Most music isn't as 'single minded' as the finale of Tchaikovsky's 6th symphony. The emotional content is more ambiguous, more open to different emotional reactions, both in different people and in the same person at different times. The exact nature of the stirrings I feel when listening to Rachmaninoff perform his 3rd concerto are really not likely to match yours very closely.

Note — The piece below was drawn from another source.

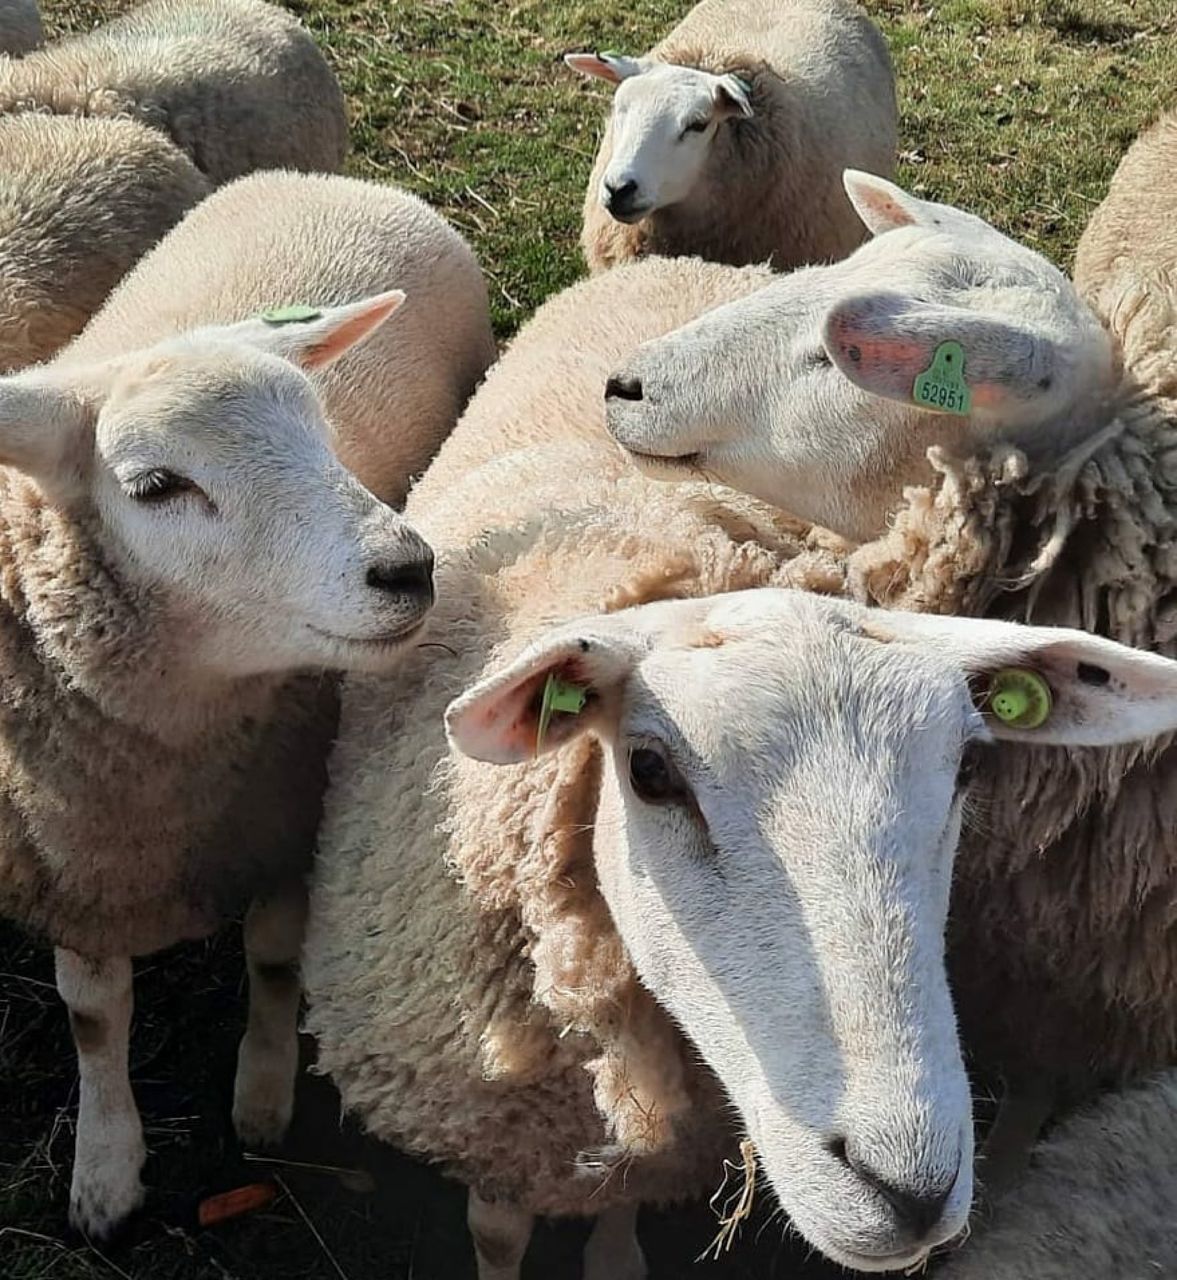 CLOSE-UP OF SHEEP IN A FIELD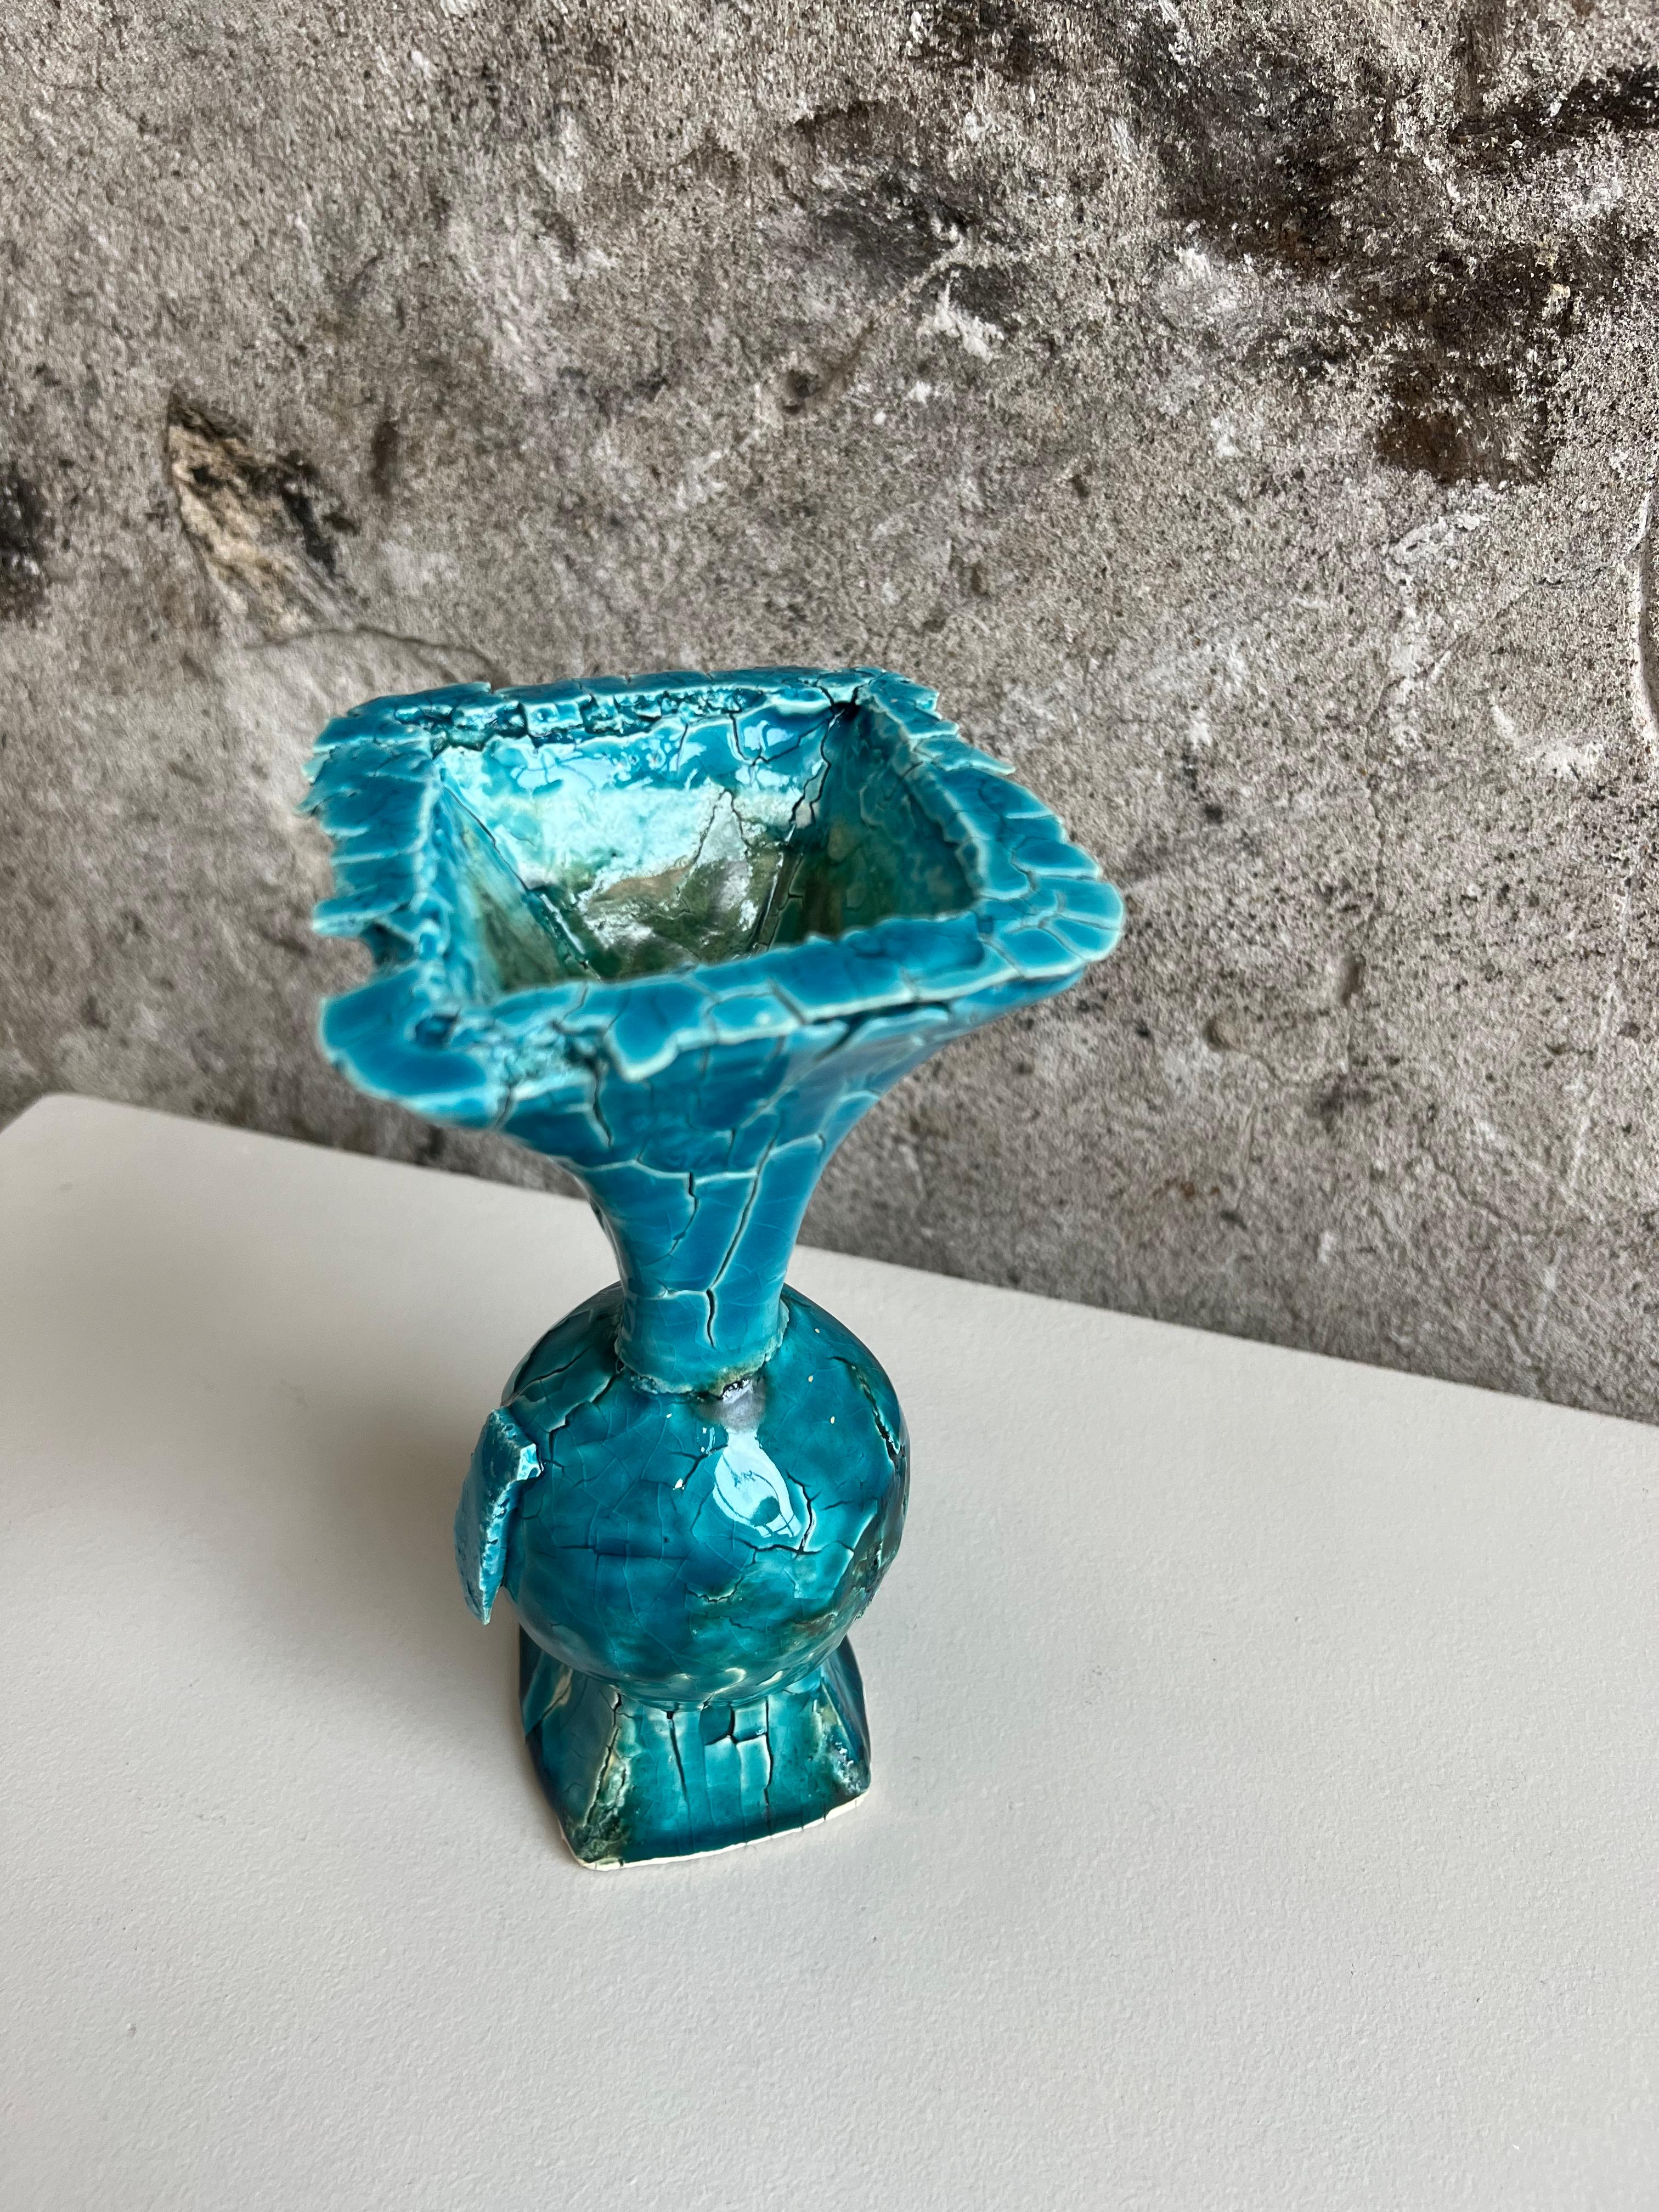 Uniquely textured crackle vase in a tapered urn style.  Colors of blue and teal are prominent throughout the vase with a green accent on the inside.  This piece was carefully handcrafted to achieve the interesting texture and composition of the

This ambiguity, when combined with the essential inadequacy of language, is not even limited to purely instrumental music. Some poetry generates emotion in me, in some cases not even close to being describable. The following poem is a prime example. It is freely available on the Web, as is apparently all of Mr. Lindsay's poetry, so I must assume that it is either out of copyright or copyright has been waived.

_The Flower-Fed Buffaloes

The flower-fed buffaloes of the spring 
In the days of long ago, 
Ranged where the locomotives sing
And the prairie flowers lie low:- 
The tossing, blooming perfumed grass
Is swept away by the wheat, 
Wheels and wheels and wheels spin by
In the spring that still is sweet. 
But the flower-fed buffaloes of the spring
Left us long ago. 
They gore no more, they bellow no more; 
They trundle around the hills no more: 
With the Blackfeet, lying low, 
With the Pawnees, lying low, 
Lying low.

-Vachel Lindsay (1879-1931)_

This poem generates a mild ache in the center of my body, every time I read it. But... I am an American, and familiar with the history of the American Great Plains. Lacking that foreknowledge, the words may seem close to nonsensical. Pure music has a 'magic' that poetry does not have: it can communicate emotion without language, and thereby crosses barriers.

Here's to music.


----------



## starry

Good, an interesting topic discussing music and actually offering some thoughts and ideas. Emotions obviously play a large role within music, the sound waves definitely have some effect on us. Many new listeners to music now seem to want music that just fits into a small emotional area, like they are going shopping and they want to eat something sweet for example. Classical music of course can vary in it's attitude through a piece with the different movements reflecting different feelings. Even within a single movement there can be changes. This can be the case with popular music too, particularly over an album. But the main point of the shifting emotional focus is that I think it engages the listener to interact than just be a lazy receiver of the sound. In that way it engages us on an intellectual level as well, as it shifts our feelings from one moment to another. So it doesn't just cater to what we feel in the moment it changes those feelings as well. But on the poetry comparison I do think there can be more abstract poetry which appeals on a more universal level.


----------



## Ukko

starry said:


> [,,,]In that way it engages us on an intellectual level as well, as it shifts our feelings from one moment to another. So it doesn't just cater to what we feel in the moment it changes those feelings as well. But on the poetry comparison I do think there can be more abstract poetry which appeals on a more universal level.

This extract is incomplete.